/
Ethereum

Ethereum censorability monitor

Post preview image

Table of Contents

Introduction

This article is our submission to Lido’s Ethereum censorability monitor grant.

Ever since the Ethereum merge, MEV-boost has become a significant part of the ecosystem. At the same time, the US government via the Office of Foreign Assets Control (OFAC) have imposed sanctions on certain digital addresses. MEV-relays are now divided between those which are OFAC-compliant and those which are not.

The main goal of this article is to demonstrate the influence of this censorship on blockchain degradation and propose a solution to monitor the censorship problem in the Ethereum blockchain.

For the purpose of this paper, we will refer to the time difference between when a transaction enters the mempool and is included in a block as "delay".

Dataset and dashboard

Our sources of data:

  1. Mempool public data.
    This data was collected via a web3 python package and kept in our Data warehouse (DWH) and only one node was used (located in Europe). The data was streamed 24/7 and we parsed approximately 1-1.2m potential transactions per day. Our mempool sample covers about 95% of all transactions in the public Ethereum dataset.
  2. Public Ethereum Dataset
  3. Level of censorship applied by relays
  4. Block information obtained directly from Relays (e.g. flashbots)
  5. Government-sanctioned list of digital addresses
  6. Lido validator pubkeys. We used the validator dataset from Lido.

After the data was processed, we created a large dataset. The table below contains a description of the main variables:

Column name

Data type (units)

Description

block_hash

STRING

Unique block identifier from the public Ethereum dataset

transaction_hash

STRING

Unique transaction identifier from the public Ethereum dataset

to_address

STRING

Transaction receiver

from_address

STRING

Transaction sender

block_timestamp

TIMESTAMP

Timestamp at which the block was created

mempool_timestamp

TIMESTAMP

Timestamp of when we parsed the mempool transaction

time_diff

BIGINT (seconds)

Time difference between when a transaction enters the mempool and is included in a block

block_diff

INT 

Number of blocks produced between when a transaction enters the mempool and is finalized 

gas

BIGINT

Gas allocated to the transaction 

gas_price

BIGINT

Gas price

gas_fact

BIGINT

Gas spent 

max_fee_per_gas

BIGINT

base_fee + max_priority_fee

max_priority_fee_per_gas

BIGINT

Additional fee to speed up transaction

relay

STRING

Name of relay

num_transaction

INT

Number of transactions within a block

height

BIGINT

Serial number of the block

builder_pubkey

STRING

Unique address of MEV-builder

lido_validator

STRING

Company of Lido validator (null if it is not a Lido validator)

transaction_censured_from

BOOLEAN

True if the sending address is under the sanctioned list

transaction_censured_to

BOOLEAN

True if the receiving address is under the sanctioned list

error_dummy

BOOLEAN

True if the transaction failed

censured_relay

BOOLEAN

True if the relay is censuring transactions

lido_validator_dummy

BOOLEAN

True if the Lido validator produces block

mev_dummy

BOOLEAN

True if the block is produced by MEV-builders

This dataset is available on Google BigQuery in the table `p2p-data-warehouse.p2p_public.eth_mev_censored`.

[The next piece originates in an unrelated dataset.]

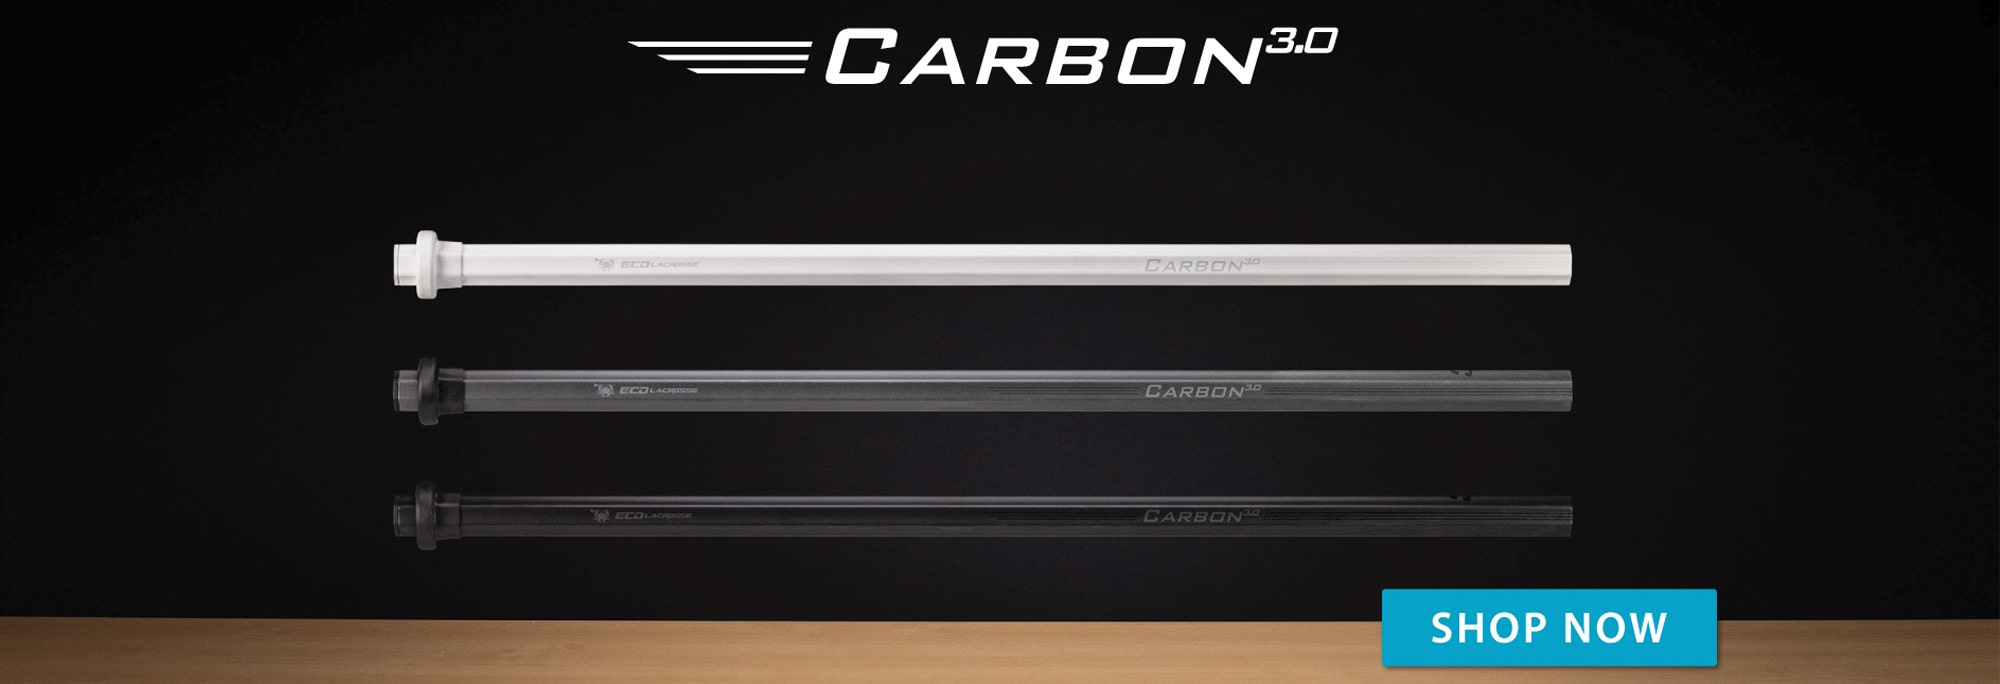 ECD Carbon 3.0 - Desktop
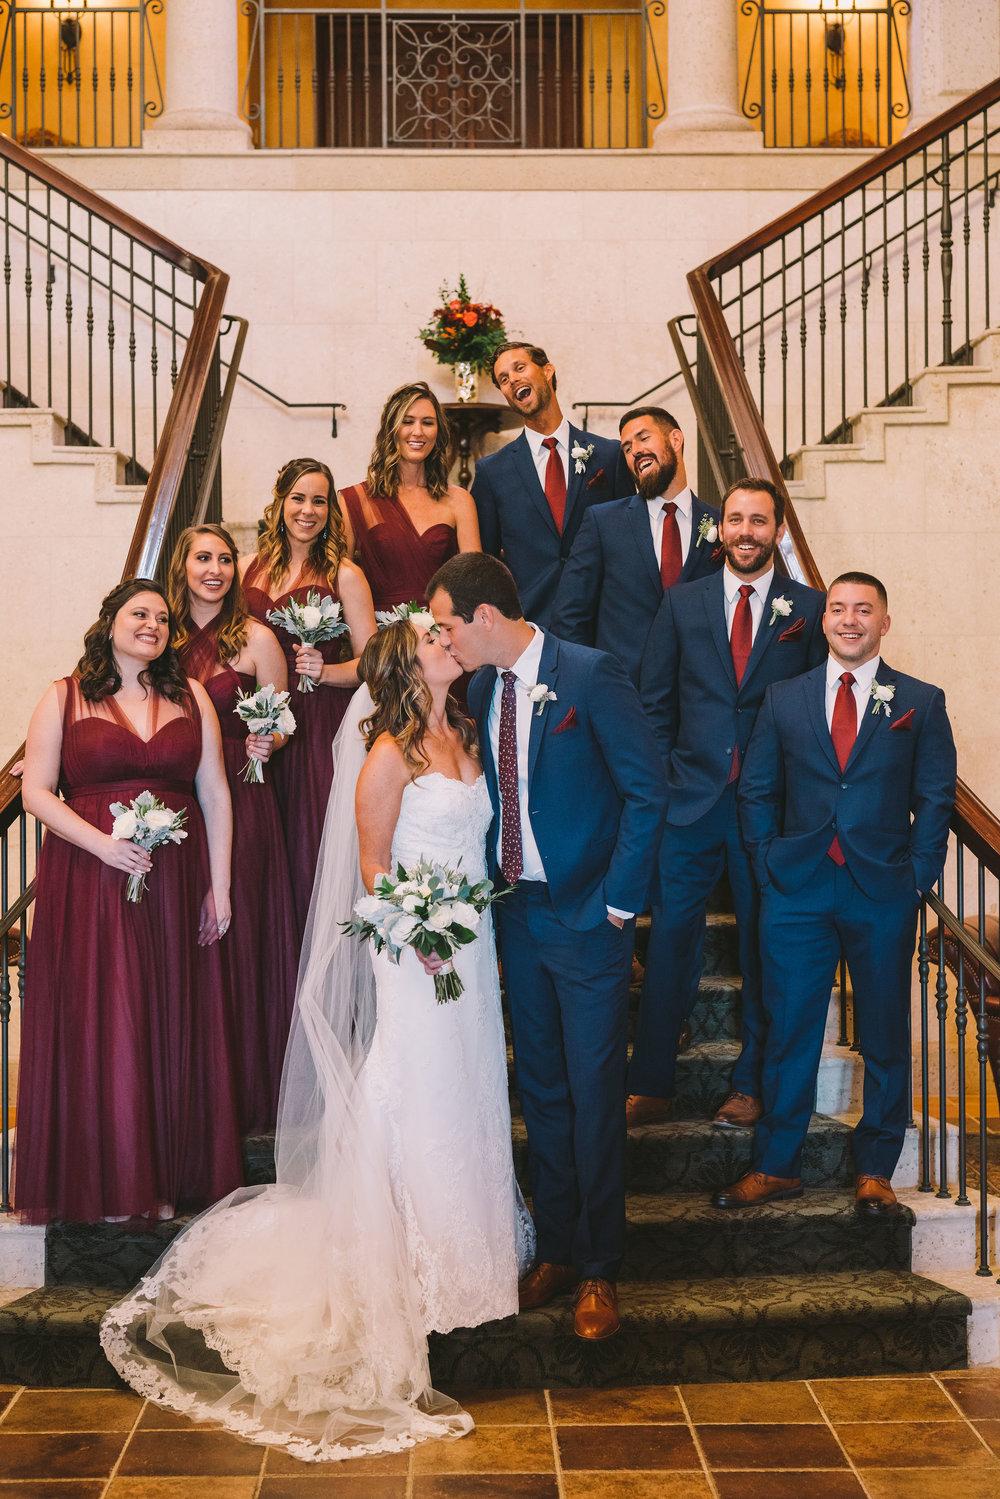 JesseandLex_181110_KeelyGreg_Wedding_BridalParty-4.jpg

Based on the data described above, we’ve created a dashboard with the main characteristics of Ethereum transactions.

Dashboard description

Our dashboard has 6 parts:

  1. General data info. Data about transactions and blocks within the Ethereum blockchain, delay and transaction cost.
  2. Censorship between relays. Here we showcase the share of blocks for each MEV relay and the average delay for censorship and non-censorship MEV relays.
  3. Censorship addresses. Here we showcase all the available information about addresses that are under the OFAC-sanctioned list.
  4. Lido vs Other validators. Here we divide transactions between those validated by Lido and other validators for comparison.
  5. Censorship between MEV-builders. Here we showcase a few metrics for every MEV-builder in the Ethereum ecosystem.

Building hypothesis

Full sample dataset

Our main goal is to estimate the level of blockchain degradation, i.e. longer time to verify transactions and higher transaction costs, that may be caused by censorship. We hypothesize that longer delays and higher transaction costs could be a sign of censorship.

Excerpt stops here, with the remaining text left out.